MGR’s ‘Beehive’ stars provide through-the-roof energy
The 1960s never died. That accounts for the complete absence of nostalgia and instead supplies the through-the-roof energy of Beehive.
The 1960s, unlike any other decade, never died. They are with us all the time. That accounts for the complete absence of nostalgia and instead supplies the through-the-roof energy of Beehive, now blasting away through Oct. 6 as the season finale at Auburn’s Merry-Go-Round Playhouse.
This is not a jukebox musical but more honorably a revue, only that’s the wrong word. The 32 numbers performed by eight women never look back. They are clear, present and sometimes dangerous.
Don’t feel left out if you have never heard of Beehive or its creator Larry Gallagher, who died in 1988. The show began as a low-budget cabaret that ran for a long time at Washington’s Top of the Gate, in the Watergate Hotel. Never on Broadway, Beehive has been gaining volume at select venues around the country for two decades and is receiving its poshest production anywhere in Auburn.
Director-choreographer Brett Smock has poured extensive resources into this post-Labor Day show, when the company usually cuts back. Scenic designer David Arsenault and lighting designer Dan Ozminkowski provide a set of Chinese puzzle complexity, with stairways leading into the air and stages at multiple levels. As if that were not enough, the scenery is surrounded by 12 irregular panels on which are projected such items as a vintage black-and-white TV ad for hairspray featuring the septuagenarian Three Stooges.
If readers don’t know the show, they’ll know every performer depicted, from Diana Ross to Tina Turner to Janis Joplin. Significantly, the program is not so patronizing as to name them even when it gives every title. Hipsters, however, get extra credit for Lesley Gore of “It’s My Party.”
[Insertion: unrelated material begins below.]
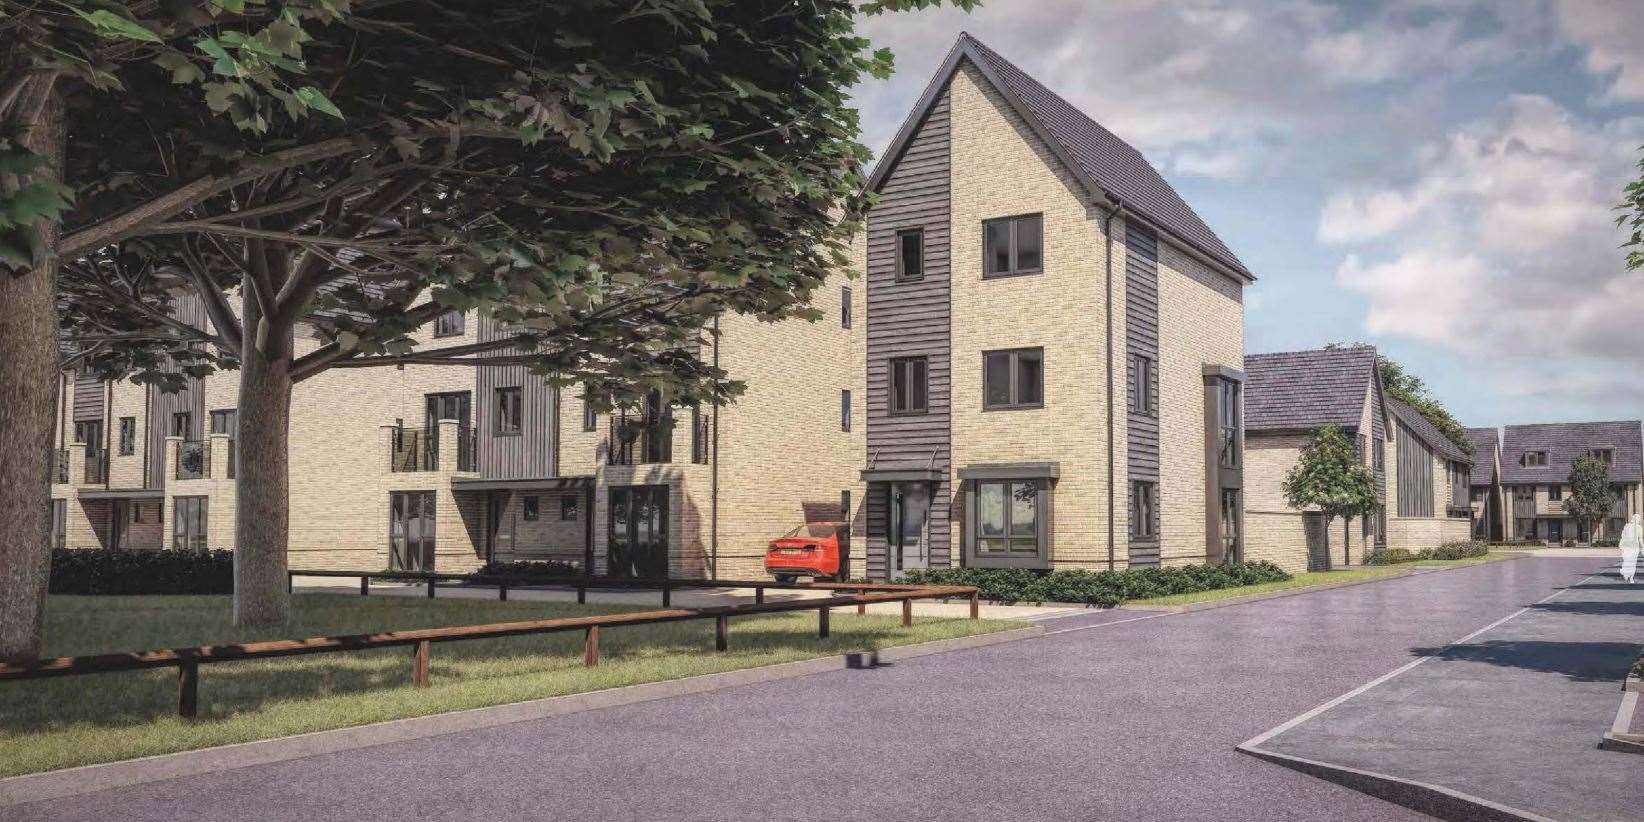 One of the home designs for Burgoyne Barracks. Credit: Taylor Wimpey Design Statement (10910779)

Four singers are African American, and four are white, allowing the subject of race to be treated with utmost tact. Many numbers are unselfconsciously integrated but five of the first nine numbers are performed by the black performers alone. Cultural appropriation is a sensitive subject these days, but Smock and company are allowing that the origin of 1960s rock is in the urban north, especially Detroit, home of The Supremes and Aretha Franklin.
This leads, ironically, to the paradox of the show’s title, when spray-inflated hair flourished in the pre-Beatles era. Makeup designer Alfonso Annotto has supplied about 20 excellent changes of wigs, but the hairsprays appear only in the first three numbers. By the time the girls get to Woodstock they were all letting it hang down naturally.
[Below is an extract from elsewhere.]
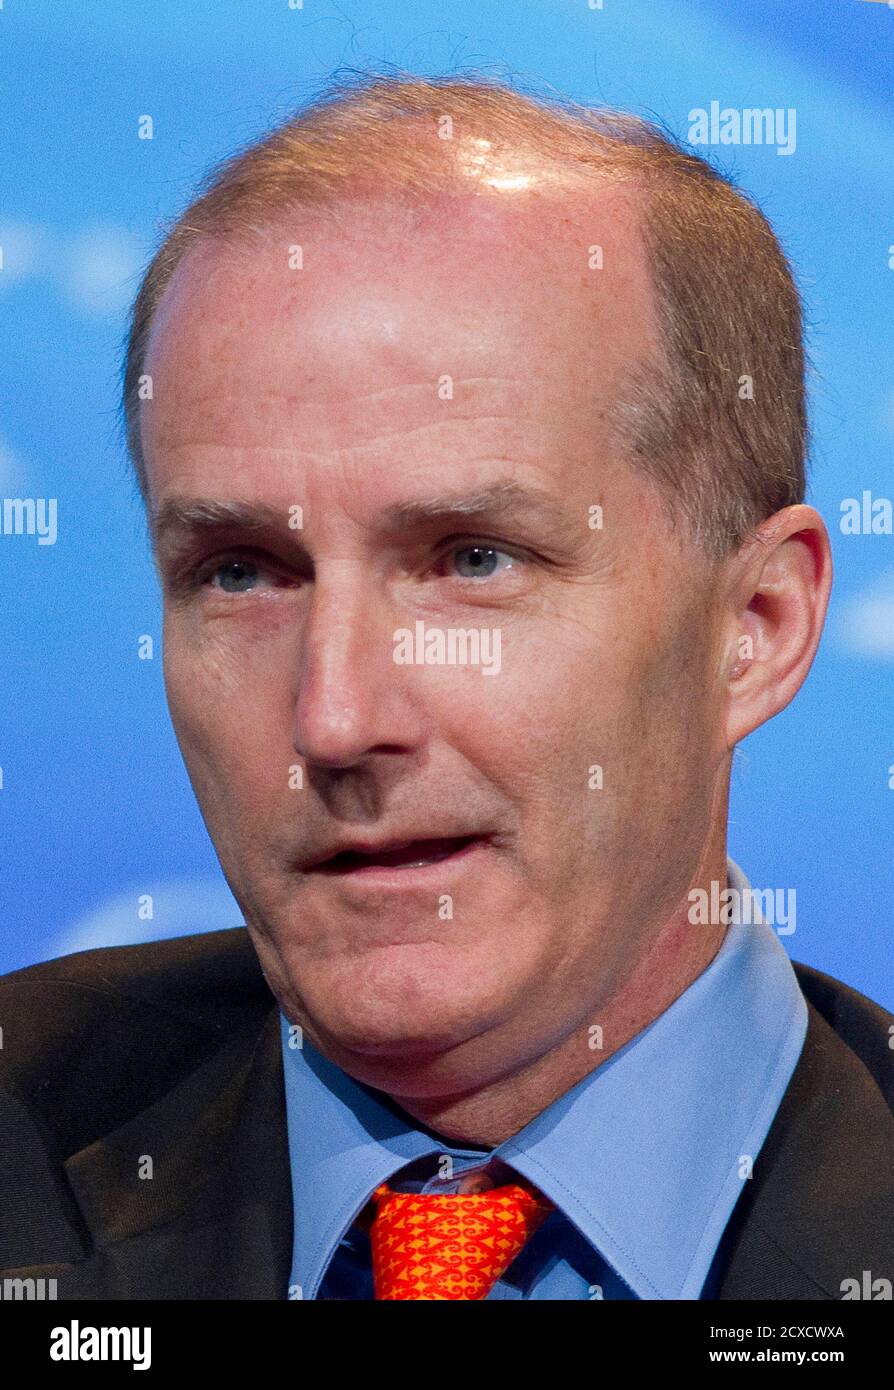 NRG Energy President and CEO David Crane speaks during the CERAWEEK world petrochemical conference in Houston March 8, 2012.  REUTERS/Richard Carson    (UNITED STATES - Tags: BUSINESS ENERGY HEADSHOT) Stock Photo

Music director Corinne Aquilina and her ensemble of six, so accustomed to show tunes during a typical MGR summer, command the rock idiom with authority. Beehive’s eight cast members are top performers with sterling credits, but some are allowed outstanding solos. These are not imitations as much as tributes, without the original singer ever being named.
The first is Crystal Sha’nae as Aretha Franklin in “I Never Loved a Man (the Way I Love You).” Brittney Mack actually does stop the show with her tributes to Tina Turner in “River Deep, Mountain High” and “Proud Mary.” And Abigail Raye impresses early as Dusty Springfield but really sets the stage on fire with three faces of Janis Joplin, especially the death-defying “Cry Baby.”